5 July 2018
- Roy Schulte and David Luckham
This article represents personal opinion, not necessarily that of an employer or anyone else.
After nearly twenty years of development, tailorable event stream processing (ESP) platforms are no longer limited to niche applications or experiments. They have become essential tools for real-time analytics in many kinds of production systems.
A growing number of mainstream companies are finding that they need ESP platforms to handle their streaming data in real-time or near-real-time. The motivation is coming from the explosion in the amount of streaming data that needs to be analyzed, especially sensor data from the Internet of Things (IoT); web clickstreams from customer interactions; social media data such as tweets, Facebook posts and Linked-in updates; market data; weather data; and event streams from transaction processing applications.
Most processing of event streams has always been done in vertically- or horizontally-specialized commercial off-the-shelf (COTS) application packages or SaaS offerings, not in tailorable ESP platforms. That is, companies use purpose-built applications for supply chain visibility, security information and event management (SIEM), fraud detection, real-time customer relationship management (CRM) offers, fleet management, call center monitoring and many other types of systems. These products do event stream processing, but they are hardwired to handle only certain kinds of event data and they can detect only the event patterns that apply to their particular business problem.
Companies don’t need general purpose ESP platforms for most purposes because they can buy or subscribe to these specialized applications to handle event data. However, for a growing number of situations, companies do have to build their ESP application because the functions that they need are not available in a COTS application or SaaS. In those situations, they can either buy an ESP platform and implement on top of that, or they can hand code similar event streaming logic in custom code (not a good plan in most cases).

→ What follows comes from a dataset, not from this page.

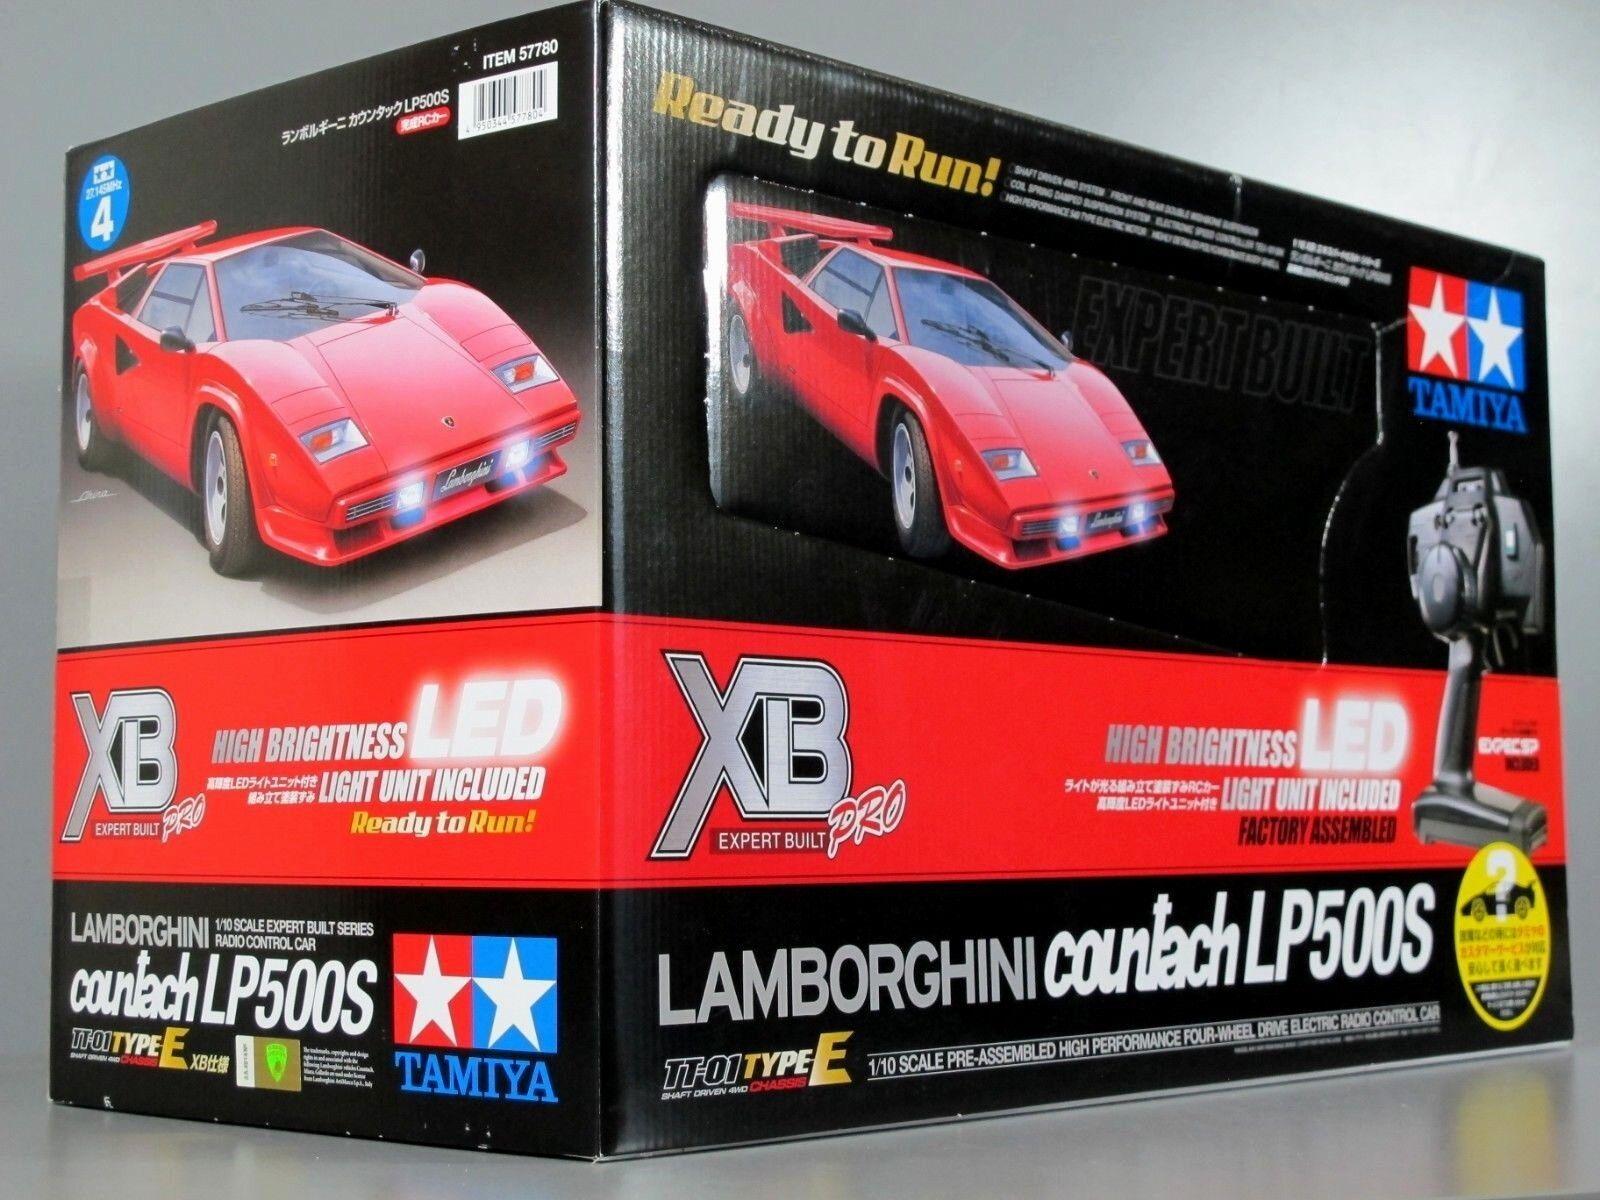 Rare Nuovo Tamiya 1/10 RC rosso Lamborghini Countach LP500S XB Expert Build  57780

Academics began building general purpose, tailorable ESP software platforms that developers can use to build and deploy stream analytics applications (then called complex-event processing (CEP)) applications as early as the 1990s. But only a handful of commercial products were available before 2010. These were used primarily for high speed trading systems for financial exchanges and for intelligence applications by government agencies.
In the past eight years, the number of tailorable commercial and open source ESP platforms has grown from a handful to more than 40. This article summarizes six of the key trends for this category of software.
- Ubiquity – Virtually all major software vendors offer one or more tailorable ESP products (see lists at the end of this article). Vendors realize that streaming data is only going to grow more plentiful, and an increasing number of business applications need to be able to deal with streaming data in real time or near-real time.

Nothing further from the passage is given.